Each line from the one holding "Sphygmomanomètre dispositif médical" to the last line below must be written out exactly, with no other output.

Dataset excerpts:
>>>>>

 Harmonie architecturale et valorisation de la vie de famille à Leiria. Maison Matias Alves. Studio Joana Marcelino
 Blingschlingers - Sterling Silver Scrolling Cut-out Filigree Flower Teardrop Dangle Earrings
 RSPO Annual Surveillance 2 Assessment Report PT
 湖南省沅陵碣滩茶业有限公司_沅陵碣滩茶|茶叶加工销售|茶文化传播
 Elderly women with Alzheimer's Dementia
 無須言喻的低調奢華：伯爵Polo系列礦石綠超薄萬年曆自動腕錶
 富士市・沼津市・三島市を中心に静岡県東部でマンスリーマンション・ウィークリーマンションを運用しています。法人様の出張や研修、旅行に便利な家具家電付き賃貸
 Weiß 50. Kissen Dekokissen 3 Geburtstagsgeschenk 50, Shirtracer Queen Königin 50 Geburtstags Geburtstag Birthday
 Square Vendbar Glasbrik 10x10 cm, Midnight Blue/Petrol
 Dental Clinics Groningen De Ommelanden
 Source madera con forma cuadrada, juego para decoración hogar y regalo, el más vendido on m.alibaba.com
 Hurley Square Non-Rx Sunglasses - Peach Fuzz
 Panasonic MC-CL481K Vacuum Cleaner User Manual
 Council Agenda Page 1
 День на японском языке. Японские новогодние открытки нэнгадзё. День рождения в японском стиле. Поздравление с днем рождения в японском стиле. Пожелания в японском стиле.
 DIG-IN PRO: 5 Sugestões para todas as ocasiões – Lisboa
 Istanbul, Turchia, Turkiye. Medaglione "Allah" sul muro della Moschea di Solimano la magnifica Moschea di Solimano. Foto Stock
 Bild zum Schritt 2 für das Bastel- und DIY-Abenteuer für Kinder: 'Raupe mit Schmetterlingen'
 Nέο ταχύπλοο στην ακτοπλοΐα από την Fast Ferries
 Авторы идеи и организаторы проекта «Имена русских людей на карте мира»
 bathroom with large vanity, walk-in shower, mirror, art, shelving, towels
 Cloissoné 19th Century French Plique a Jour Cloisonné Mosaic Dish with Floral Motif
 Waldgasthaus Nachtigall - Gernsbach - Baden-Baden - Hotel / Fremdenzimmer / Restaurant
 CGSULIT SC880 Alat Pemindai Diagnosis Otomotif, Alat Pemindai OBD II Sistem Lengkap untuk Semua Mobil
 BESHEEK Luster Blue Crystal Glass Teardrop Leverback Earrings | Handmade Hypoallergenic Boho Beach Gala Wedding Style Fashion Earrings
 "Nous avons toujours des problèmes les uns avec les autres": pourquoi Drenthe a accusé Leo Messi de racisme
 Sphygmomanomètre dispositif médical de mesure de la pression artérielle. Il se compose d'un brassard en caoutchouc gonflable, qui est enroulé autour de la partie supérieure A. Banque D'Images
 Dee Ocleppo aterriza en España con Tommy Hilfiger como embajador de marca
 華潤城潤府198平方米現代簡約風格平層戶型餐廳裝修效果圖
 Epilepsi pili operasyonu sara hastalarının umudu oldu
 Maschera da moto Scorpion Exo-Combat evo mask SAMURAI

<<<<<

Exercise solution:
 Sphygmomanomètre dispositif médical de mesure de la pression artérielle. Il se compose d'un brassard en caoutchouc gonflable, qui est enroulé autour de la partie supérieure A. Banque D'Images
 Dee Ocleppo aterriza en España con Tommy Hilfiger como embajador de marca
 華潤城潤府198平方米現代簡約風格平層戶型餐廳裝修效果圖
 Epilepsi pili operasyonu sara hastalarının umudu oldu
 Maschera da moto Scorpion Exo-Combat evo mask SAMURAI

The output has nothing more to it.